[Entries taken from a collection]
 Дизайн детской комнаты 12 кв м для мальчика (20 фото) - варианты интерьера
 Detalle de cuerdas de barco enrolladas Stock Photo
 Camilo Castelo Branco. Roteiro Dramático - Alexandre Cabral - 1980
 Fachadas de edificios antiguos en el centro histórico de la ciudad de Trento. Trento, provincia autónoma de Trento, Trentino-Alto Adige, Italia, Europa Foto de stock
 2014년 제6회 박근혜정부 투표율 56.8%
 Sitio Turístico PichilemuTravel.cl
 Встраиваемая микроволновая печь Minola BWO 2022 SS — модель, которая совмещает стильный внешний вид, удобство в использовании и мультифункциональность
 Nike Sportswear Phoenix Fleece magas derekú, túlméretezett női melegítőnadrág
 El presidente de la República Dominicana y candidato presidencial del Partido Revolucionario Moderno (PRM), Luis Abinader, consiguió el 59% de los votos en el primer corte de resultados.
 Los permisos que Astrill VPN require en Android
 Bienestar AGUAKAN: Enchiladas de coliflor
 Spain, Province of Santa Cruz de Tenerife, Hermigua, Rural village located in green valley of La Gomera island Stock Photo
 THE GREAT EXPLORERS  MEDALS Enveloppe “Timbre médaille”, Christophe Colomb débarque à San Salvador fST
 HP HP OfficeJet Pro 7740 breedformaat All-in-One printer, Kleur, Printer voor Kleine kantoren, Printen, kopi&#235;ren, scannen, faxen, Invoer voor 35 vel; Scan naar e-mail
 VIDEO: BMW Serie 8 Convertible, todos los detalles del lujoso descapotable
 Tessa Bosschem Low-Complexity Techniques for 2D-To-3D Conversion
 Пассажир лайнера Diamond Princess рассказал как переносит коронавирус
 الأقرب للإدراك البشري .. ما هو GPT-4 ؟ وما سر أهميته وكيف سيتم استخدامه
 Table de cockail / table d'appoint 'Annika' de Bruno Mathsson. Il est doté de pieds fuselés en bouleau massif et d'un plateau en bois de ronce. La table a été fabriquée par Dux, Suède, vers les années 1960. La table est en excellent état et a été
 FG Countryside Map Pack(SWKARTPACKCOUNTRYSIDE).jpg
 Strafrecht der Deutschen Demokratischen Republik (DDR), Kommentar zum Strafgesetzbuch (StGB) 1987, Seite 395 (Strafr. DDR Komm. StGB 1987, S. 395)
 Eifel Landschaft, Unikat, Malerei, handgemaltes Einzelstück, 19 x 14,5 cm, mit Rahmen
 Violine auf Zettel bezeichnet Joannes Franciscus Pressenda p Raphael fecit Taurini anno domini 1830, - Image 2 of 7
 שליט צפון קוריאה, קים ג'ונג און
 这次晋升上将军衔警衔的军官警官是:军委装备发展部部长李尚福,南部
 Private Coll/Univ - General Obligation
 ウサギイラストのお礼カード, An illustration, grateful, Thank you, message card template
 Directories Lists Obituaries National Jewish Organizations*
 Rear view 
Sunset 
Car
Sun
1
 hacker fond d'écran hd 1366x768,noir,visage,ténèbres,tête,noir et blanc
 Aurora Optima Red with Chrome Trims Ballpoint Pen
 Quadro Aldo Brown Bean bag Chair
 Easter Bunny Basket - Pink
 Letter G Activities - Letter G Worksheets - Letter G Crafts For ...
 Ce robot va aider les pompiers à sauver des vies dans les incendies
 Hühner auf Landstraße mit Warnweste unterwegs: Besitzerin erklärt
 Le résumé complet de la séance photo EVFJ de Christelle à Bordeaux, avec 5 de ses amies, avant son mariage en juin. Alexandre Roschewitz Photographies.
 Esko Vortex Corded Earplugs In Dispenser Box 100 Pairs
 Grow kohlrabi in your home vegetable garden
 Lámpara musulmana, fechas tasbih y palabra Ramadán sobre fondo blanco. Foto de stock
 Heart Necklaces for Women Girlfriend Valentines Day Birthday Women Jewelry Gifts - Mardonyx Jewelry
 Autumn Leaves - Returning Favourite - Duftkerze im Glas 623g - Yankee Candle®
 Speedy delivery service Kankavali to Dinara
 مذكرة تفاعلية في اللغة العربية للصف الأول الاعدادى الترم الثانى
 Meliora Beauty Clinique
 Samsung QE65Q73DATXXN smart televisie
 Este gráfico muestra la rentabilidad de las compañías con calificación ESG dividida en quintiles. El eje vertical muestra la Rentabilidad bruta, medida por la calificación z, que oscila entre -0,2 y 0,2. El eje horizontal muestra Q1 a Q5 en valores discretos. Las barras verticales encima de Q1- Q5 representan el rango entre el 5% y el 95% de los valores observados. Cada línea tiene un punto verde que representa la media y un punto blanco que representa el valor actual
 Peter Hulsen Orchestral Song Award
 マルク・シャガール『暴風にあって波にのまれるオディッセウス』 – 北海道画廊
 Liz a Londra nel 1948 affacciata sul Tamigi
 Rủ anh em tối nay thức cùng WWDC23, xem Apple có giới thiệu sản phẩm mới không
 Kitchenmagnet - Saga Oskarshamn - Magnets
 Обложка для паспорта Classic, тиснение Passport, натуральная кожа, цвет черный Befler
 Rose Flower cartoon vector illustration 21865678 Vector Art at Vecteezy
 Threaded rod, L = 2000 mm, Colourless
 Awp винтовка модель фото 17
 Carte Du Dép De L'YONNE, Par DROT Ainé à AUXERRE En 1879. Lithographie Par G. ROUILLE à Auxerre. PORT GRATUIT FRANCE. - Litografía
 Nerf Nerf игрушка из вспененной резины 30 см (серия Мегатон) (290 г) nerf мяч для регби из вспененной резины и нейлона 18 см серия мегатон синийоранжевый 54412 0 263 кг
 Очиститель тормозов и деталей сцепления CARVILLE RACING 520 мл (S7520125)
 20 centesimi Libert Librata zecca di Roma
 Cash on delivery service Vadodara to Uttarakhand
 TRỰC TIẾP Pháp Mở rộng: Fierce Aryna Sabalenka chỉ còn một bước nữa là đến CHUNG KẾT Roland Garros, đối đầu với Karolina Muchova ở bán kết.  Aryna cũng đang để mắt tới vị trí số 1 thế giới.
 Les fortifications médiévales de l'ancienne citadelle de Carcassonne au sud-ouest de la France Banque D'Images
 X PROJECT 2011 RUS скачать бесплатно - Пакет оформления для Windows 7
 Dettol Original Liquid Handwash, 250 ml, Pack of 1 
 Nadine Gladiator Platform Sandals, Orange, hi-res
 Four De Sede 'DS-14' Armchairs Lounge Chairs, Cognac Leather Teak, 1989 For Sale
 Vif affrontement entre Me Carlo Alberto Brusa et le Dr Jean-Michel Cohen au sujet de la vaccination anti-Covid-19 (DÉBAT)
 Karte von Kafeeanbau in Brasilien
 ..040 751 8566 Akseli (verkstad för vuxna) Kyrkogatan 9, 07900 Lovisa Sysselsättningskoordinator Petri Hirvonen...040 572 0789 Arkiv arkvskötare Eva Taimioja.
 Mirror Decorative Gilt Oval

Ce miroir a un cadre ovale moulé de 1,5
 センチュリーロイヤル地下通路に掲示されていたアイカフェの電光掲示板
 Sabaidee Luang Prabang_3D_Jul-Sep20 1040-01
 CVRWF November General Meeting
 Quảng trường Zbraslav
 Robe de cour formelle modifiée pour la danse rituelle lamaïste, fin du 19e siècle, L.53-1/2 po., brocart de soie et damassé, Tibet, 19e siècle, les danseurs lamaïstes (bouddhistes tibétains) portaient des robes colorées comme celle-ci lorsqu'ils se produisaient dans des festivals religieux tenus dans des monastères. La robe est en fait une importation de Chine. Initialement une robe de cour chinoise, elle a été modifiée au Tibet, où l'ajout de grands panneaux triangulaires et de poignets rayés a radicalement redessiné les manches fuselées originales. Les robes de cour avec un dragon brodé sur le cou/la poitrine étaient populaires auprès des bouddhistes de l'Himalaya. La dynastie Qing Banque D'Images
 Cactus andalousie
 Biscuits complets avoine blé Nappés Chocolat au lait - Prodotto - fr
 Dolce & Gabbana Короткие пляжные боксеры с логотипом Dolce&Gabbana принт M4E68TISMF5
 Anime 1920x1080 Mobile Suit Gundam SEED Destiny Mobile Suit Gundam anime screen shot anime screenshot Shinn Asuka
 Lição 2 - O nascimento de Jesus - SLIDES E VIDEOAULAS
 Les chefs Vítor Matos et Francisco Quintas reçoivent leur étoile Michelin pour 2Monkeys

§ **REQUIRED ACTION**
Given the records above, restate word for word only the lines starting at the one with "Очиститель тормозов и" and ending at the one with "Karte von Kafeeanbau in Brasilien".

§ **COMPLETED TASK**
 Очиститель тормозов и деталей сцепления CARVILLE RACING 520 мл (S7520125)
 20 centesimi Libert Librata zecca di Roma
 Cash on delivery service Vadodara to Uttarakhand
 TRỰC TIẾP Pháp Mở rộng: Fierce Aryna Sabalenka chỉ còn một bước nữa là đến CHUNG KẾT Roland Garros, đối đầu với Karolina Muchova ở bán kết.  Aryna cũng đang để mắt tới vị trí số 1 thế giới.
 Les fortifications médiévales de l'ancienne citadelle de Carcassonne au sud-ouest de la France Banque D'Images
 X PROJECT 2011 RUS скачать бесплатно - Пакет оформления для Windows 7
 Dettol Original Liquid Handwash, 250 ml, Pack of 1 
 Nadine Gladiator Platform Sandals, Orange, hi-res
 Four De Sede 'DS-14' Armchairs Lounge Chairs, Cognac Leather Teak, 1989 For Sale
 Vif affrontement entre Me Carlo Alberto Brusa et le Dr Jean-Michel Cohen au sujet de la vaccination anti-Covid-19 (DÉBAT)
 Karte von Kafeeanbau in Brasilien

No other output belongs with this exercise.